As discussed in https://github.com/SciML/Integrals.jl/issues/169 and https://github.com/SciML/Integrals.jl/pull/175, Integrals.jl needs integrand wrapper types to support features such as inplace evaluation, batched evaluation, and inplace and batched evaluation at the same time. This pr adds 3 structs which support these 3 distinct interfaces and are intended as an eventual replacement for the batch and nout keywords to IntegralProblem. (I don't think that those need to be removed just yet, since we can dispatch on these wrapper types to opt into new behaviors.)

  1. InplaceIntegrand(f!, result::AbstractArray): the caller provides an inplace function f!(y, x, p) and an array result which will store the solution (i.e. it has the same shape as the integrand output array y, but could have a different type due to units of the limits).
  2. BatchIntegrand(f!, y::AbstractVector, x::AbstractVector; max_batch): the caller provides an inplace function f!(y, x, p) of the form y .= f.(x, Ref(p)) and pre-allocated buffers that parallelize the calculation of the integrand over multiple quadrature nodes. For multi-dimensional integrands, the elements of x can be StaticArrays
  3. InplaceBatchIntegrand(f!, result::AbstractArray, y::AbstractArray, x::AbstractVector; max_batch): the caller provides an inplace function f!(y, x, p) that evaluates an array-valued inplace integrand at multiple points simultaneously. The solution is written to result. The buffer y is of size (size(result)..., size(x)...) and should be resize-able in its outer dimension (i.e. an ElasticArray)

I would appreciate any feedback on this pr. In particular, for multidimensional batched integrands it is nice to allow x to be a vector of SVectors instead of a Matrix, which is the current style. For the C libraries that only use Matrix we can use reinterpret(reshape, ...) to bring it into SVector form.

ChrisRackauckas commented 11 months ago

There's no need for it to be a completely separate system from what already exists. Some uniformity would be good here. Make it IntegralFunction and BatchIntegralFunction, both as AbstractSciMLFunctions following a similar form to what is done in the others. In-place should just be the first argument and can be determined automatically using the machinery that's used in the other SciMLFunctions. That would make this feel much more in place (pun intended).

lxvm commented 11 months ago

I hadn't used the AbstractSciMLFunctions before and I'm glad this is a solved problem.

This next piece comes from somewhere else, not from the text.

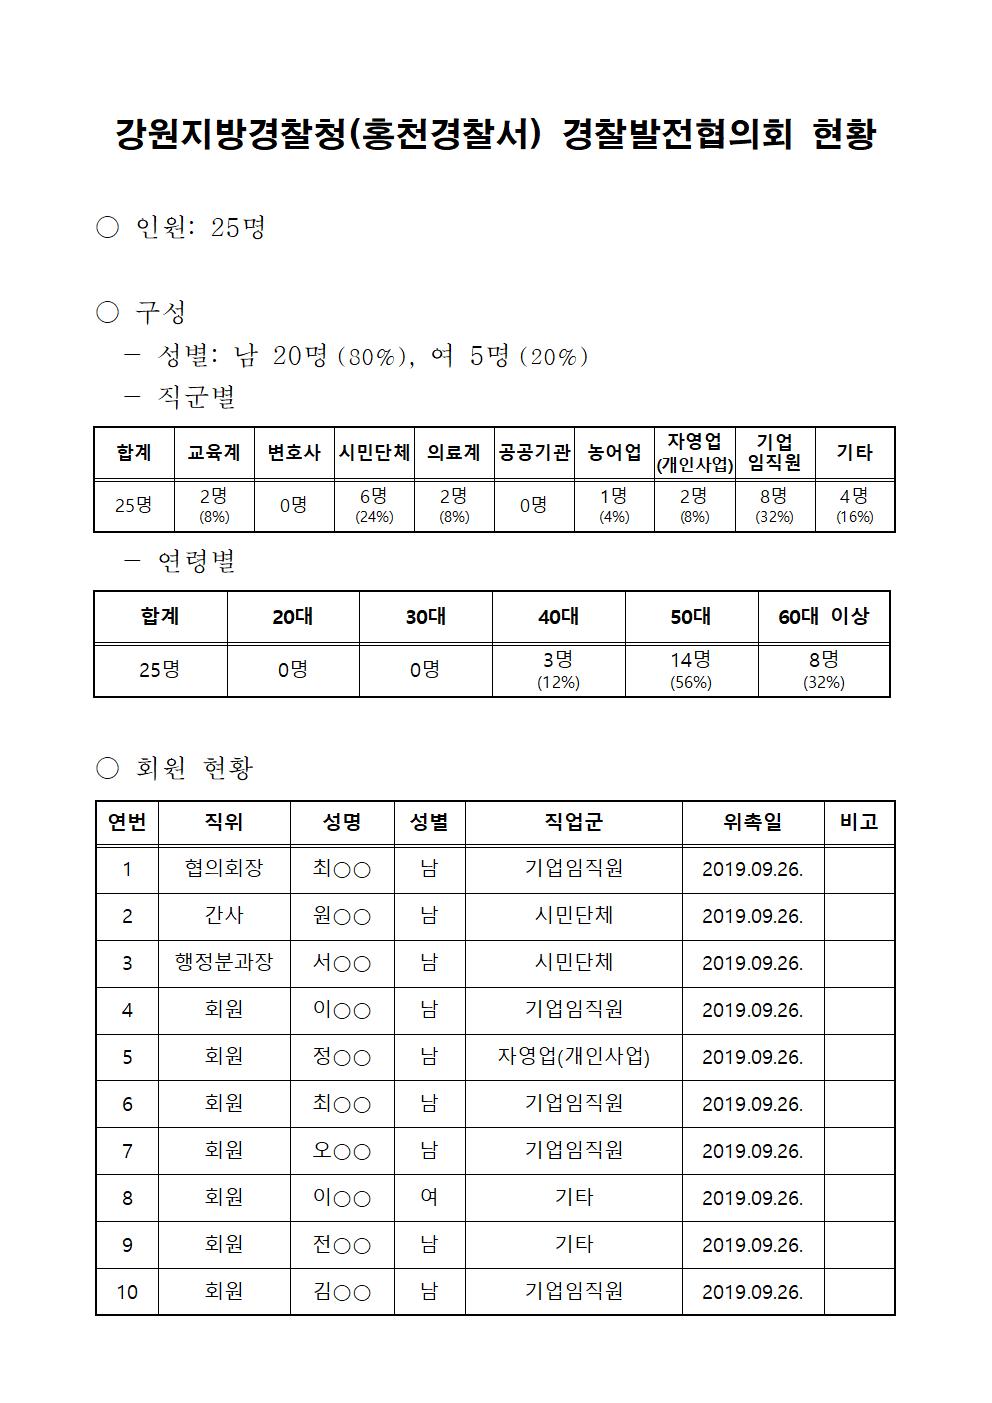 홍천경찰서 경찰발전협의회 현황-경발협구성현황001

I'll try implementing the interface although most of the interface may be unused.

On the note of uniformity across the ecosystem, is there a SciML integral operator? These would act on differential forms instead of arrays, and perhaps there are applications?

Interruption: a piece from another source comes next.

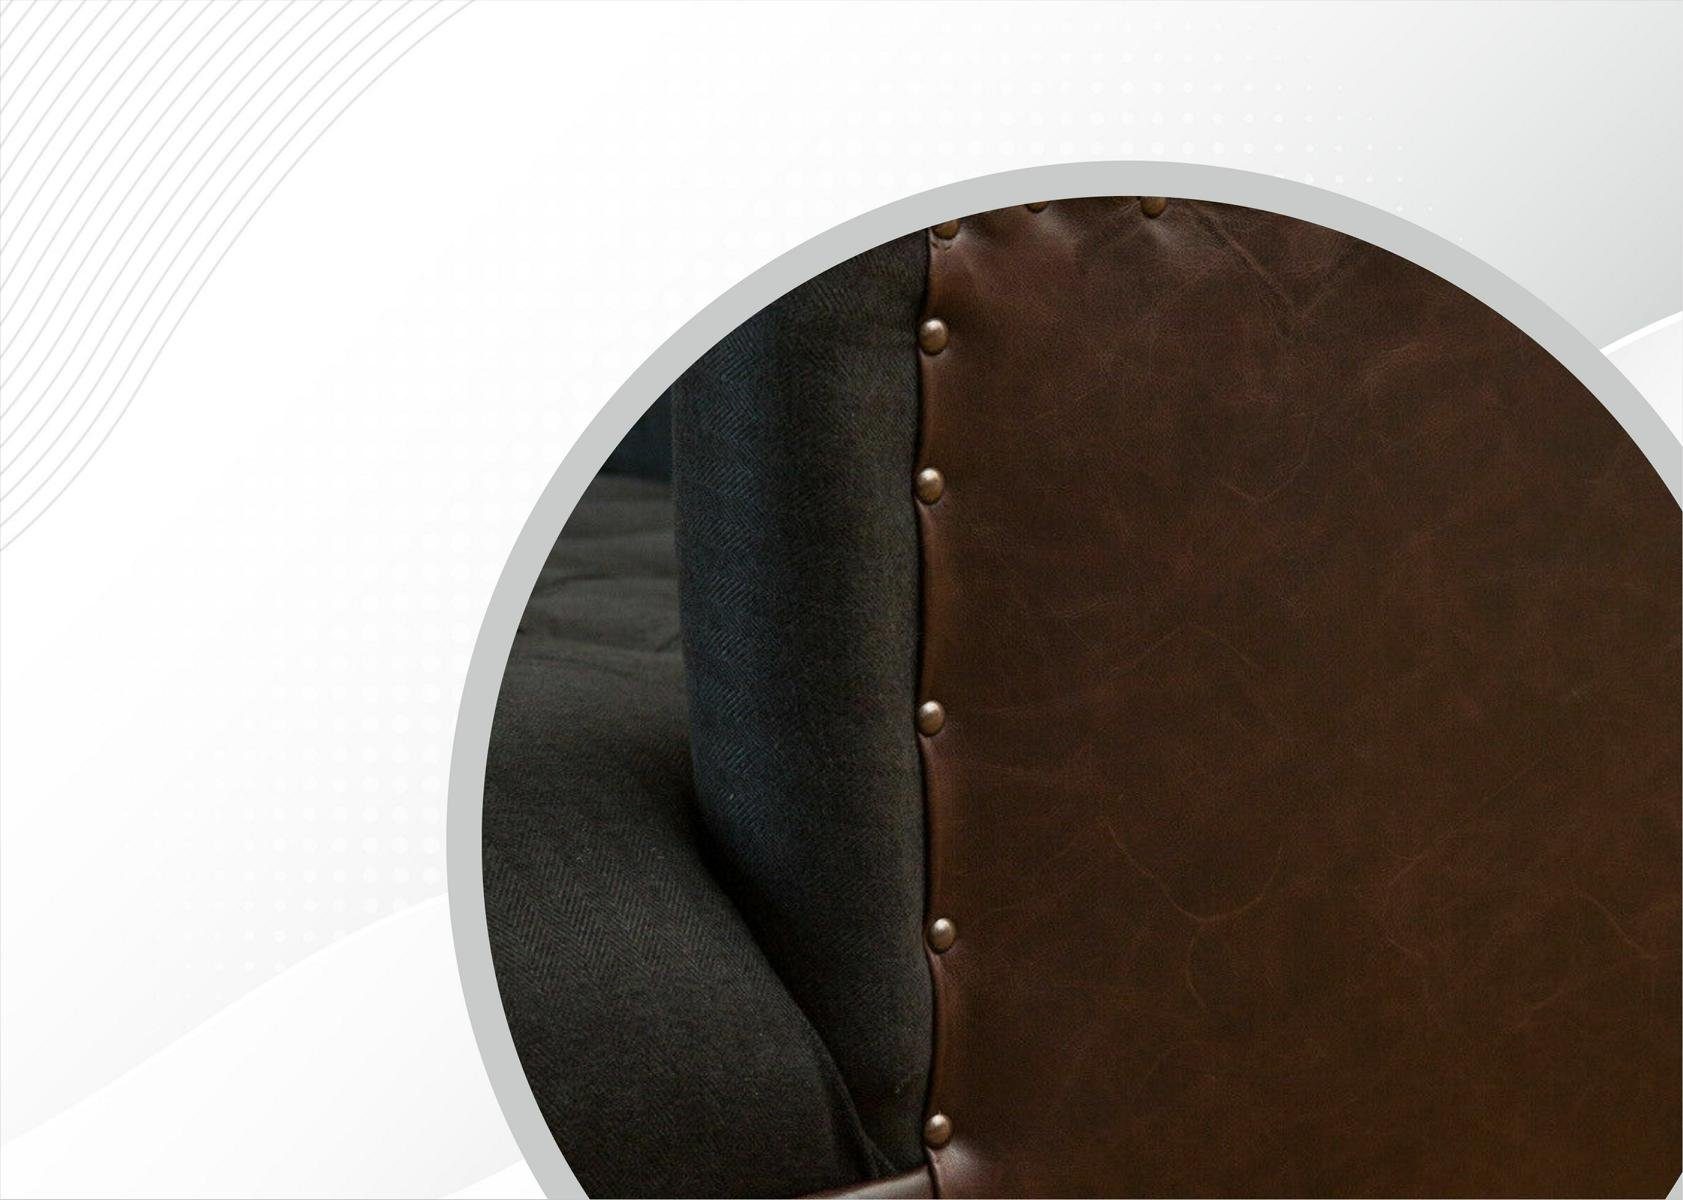 Couch JVmoebel Sitzer Chesterfield Sofa Knöpfen. mit Rückenlehne cm, 190 3 Chesterfield-Sofa, Die Design

lxvm commented 11 months ago

@ChrisRackauckas I added IntegralFunction and BatchIntegralFunction. I wasn't very comfortable with relying on isinplace because for in-place integrands only the caller knows the array element type to allocate and also the BatchIntegralFunction requires a 3-argument function for both in-place and out-of-place forms. So the interface assumes a function is out-of-place unless a result array is provided. This is all in the documentation. Does it look good to you?

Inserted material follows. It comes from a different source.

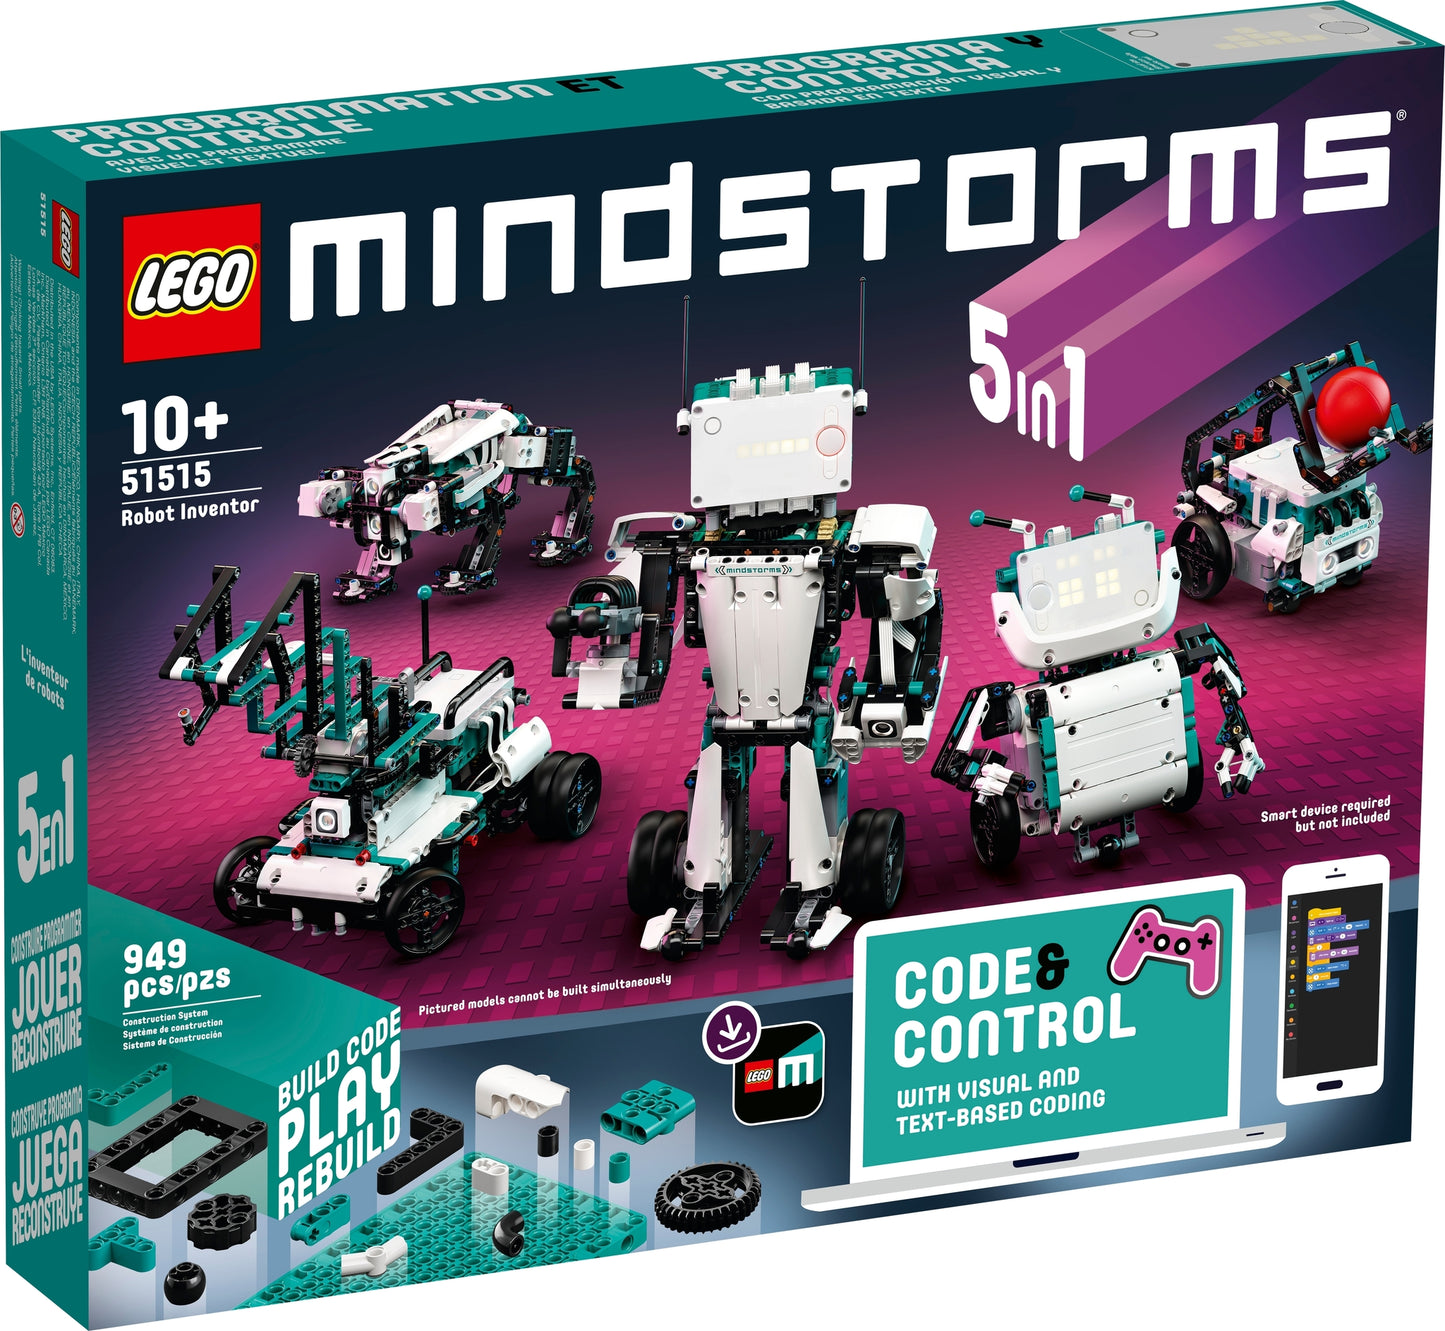 51515 LEGO Mindstorms - Robot Inventor

ChrisRackauckas commented 11 months ago

I took a pass through it:

  1. We will need some things like observed in the future, but for now leave it off. We generally add things as the interface is built out, and the MTK side of Integrals.jl is just missing for now so we can ignore it until it's there.
  2. I'm a little weary that we cannot do proper dispatch checking on the batch version, but we at least we can test too many/too few arguments for appropriate errors.
  3. The extra values were renamed prototype values to match other parts of the interfaces. What's expected then is that init will make a copy so that the solves are thread-safe. Something we need to keep in mind with the implementation (I don't think we've done much thread safety in the testing since there's also C programs involved).

Let me know if there's anything here you'd disagree with.

codecov[bot] commented 11 months ago

Codecov Report

Merging #497 (a6fd63a) into master (434e752) will increase coverage by 39.85%. Report is 29 commits behind head on master. The diff coverage is 84.74%.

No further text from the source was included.